賃上げを実施した企業のうち、「外部要因への対応が中心の受動的な賃上げだった」は74.7%。企業規模別では大企業、中小企業ともに7割を超えた一方、「自社の成長戦略が中心の能動的な賃上げ」は中小企業(26.4%)が大企業(23.7%)を上回った。受動的な賃上げの割合が高かった業種は「保育」(87.5%)、「清掃(ビル管理・メンテナンス)」(81.0%)、「接客(ホテル・旅館)」(80.7%)。能動的な賃上げの割合が高かったのは「建築・土木作業員(建設・土木・設備工事)」(35.5%)、「警備・交通誘導(セキュリティ等)」(34.8%)、「家庭教師・講師・試験監督(教育・学校法人)」(31.5%)。

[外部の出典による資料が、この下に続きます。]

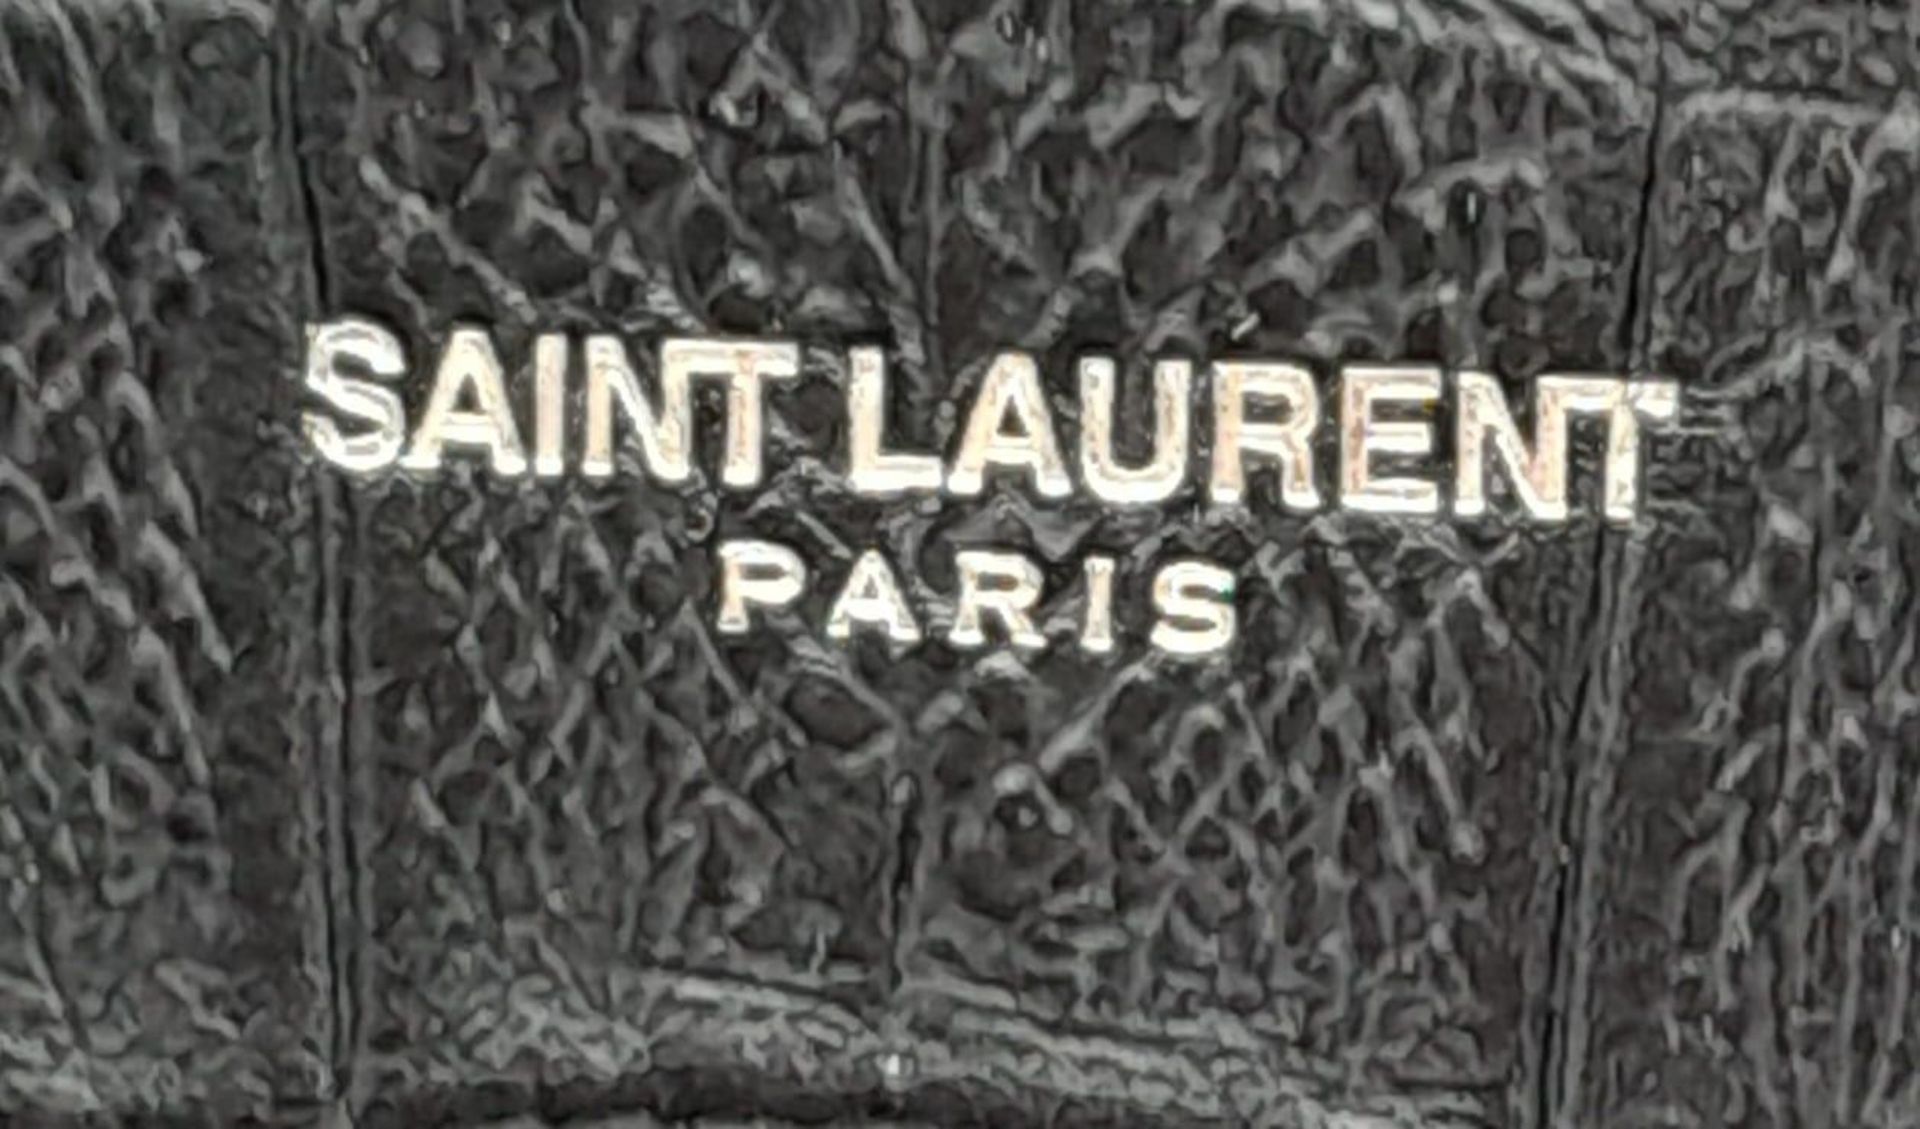 A Saint Laurent Sac de Jour Handbag. Crocodile embossed leather exterior with silver hardware and - Image 20 of 21
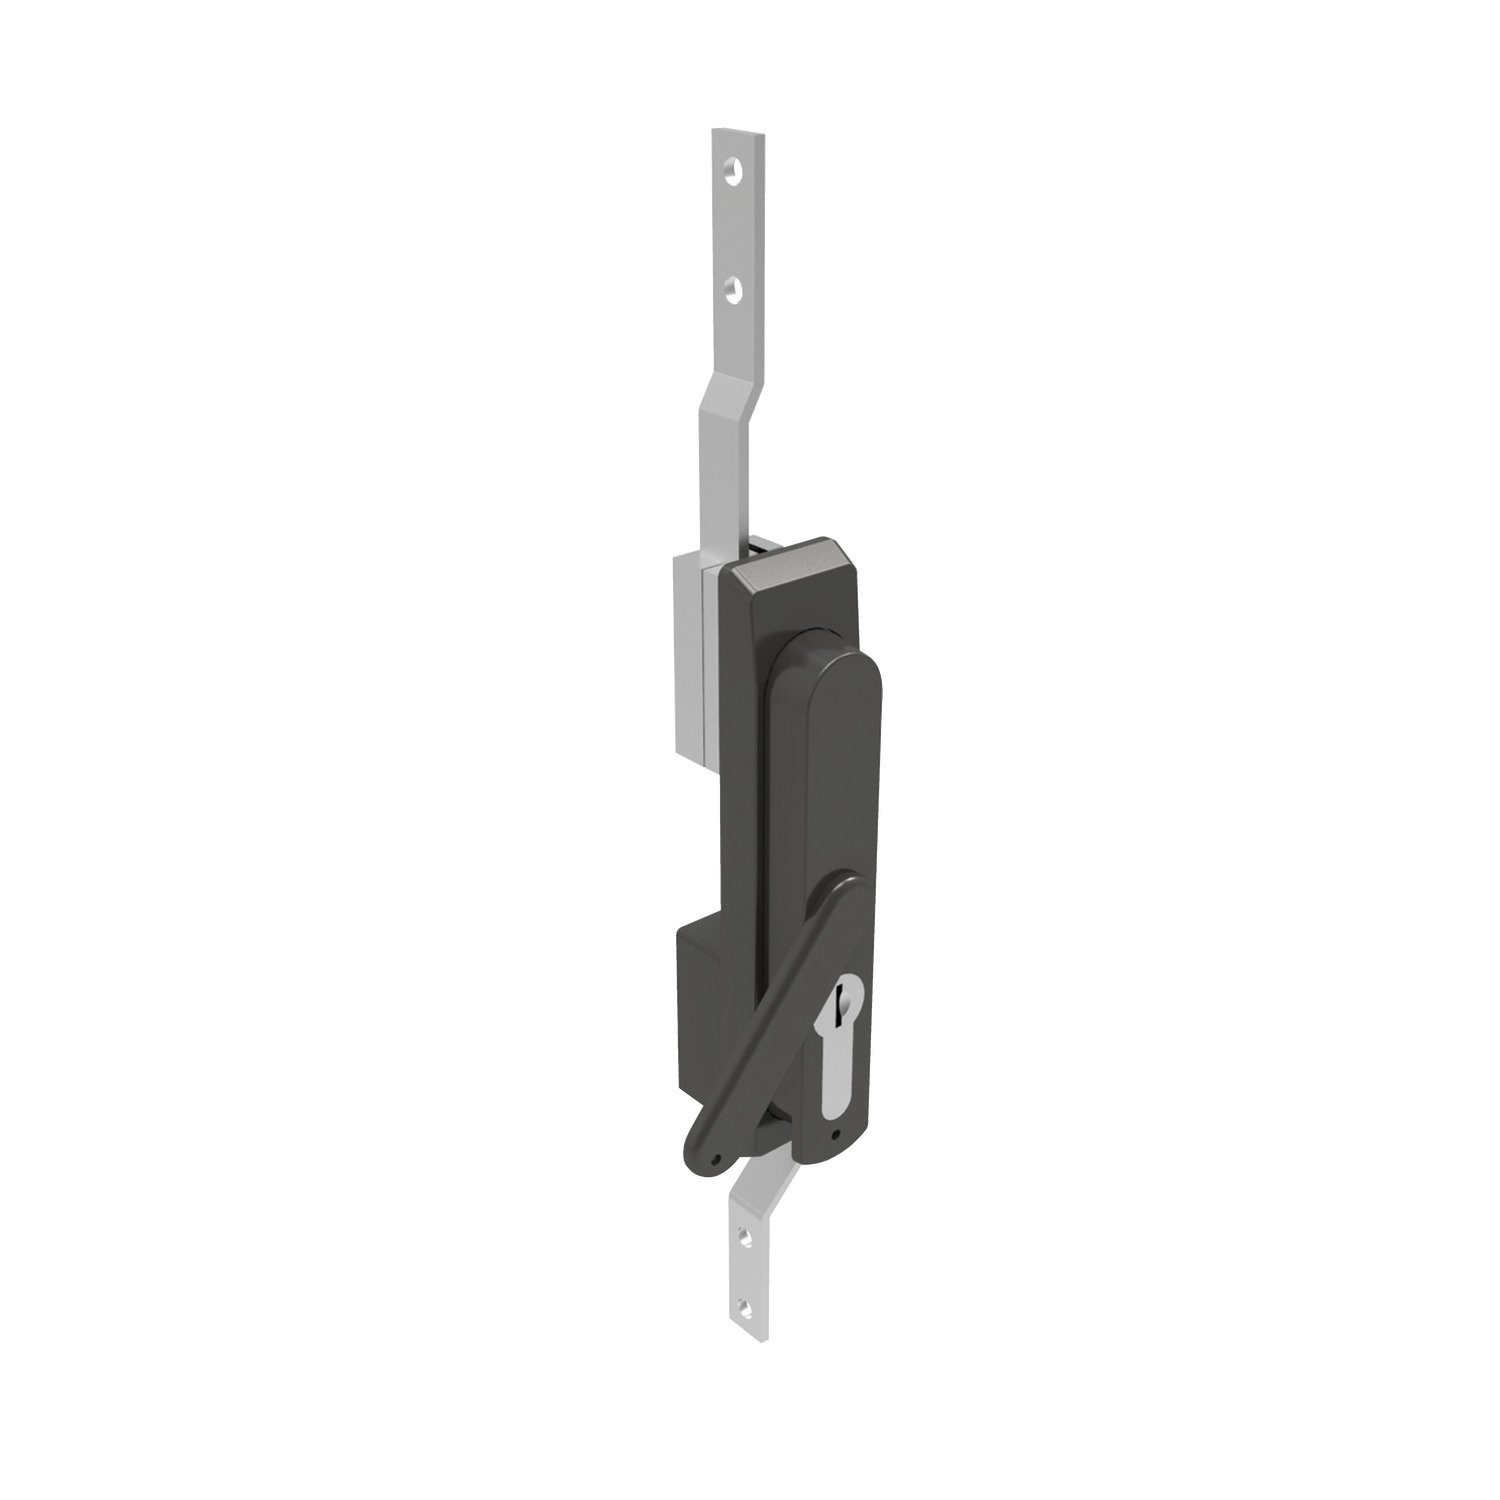 B2082.AW0010 Swing Handles with rod control

賃上げ理由は、「最低賃金の改定のため」が48.4%で最も多く、「人材確保が難しくなったため」(38.4%)、「既存社員のモチベーションアップのため」(33.4%)が続いた。

賃上げ後の変化

賃上げ後に増加した項目では、「アルバイトの新規採用数」が38.5%で最多となり、「現場管理者のマネジメント負担」(37.6%)が続いた。一方、減少した項目は「既存アルバイトの離職者数」(16.9%)、「アルバイト1人あたりの平均シフト量」(10.1%)だった。

今後の賃上げ予定と課題

今後半年間(2026年6月~11月)にアルバイトの賃上げを予定している企業は36.6%で、2024年調査(33.6%)から3.0ポイント増加した。企業規模別では大企業42.9%、中小企業27.1%で15.8ポイントの差がみられた。

賃上げの障壁では、「人件費以外のコスト(原材料費・光熱費など)が上昇している」が37.8%で最多となり、「一度賃上げすると、将来の業績悪化時に対応しづらくなる懸念がある」(24.8%)、「景気や業績の先行きが不透明で、人件費判断が難しい」(22.4%)が続いた。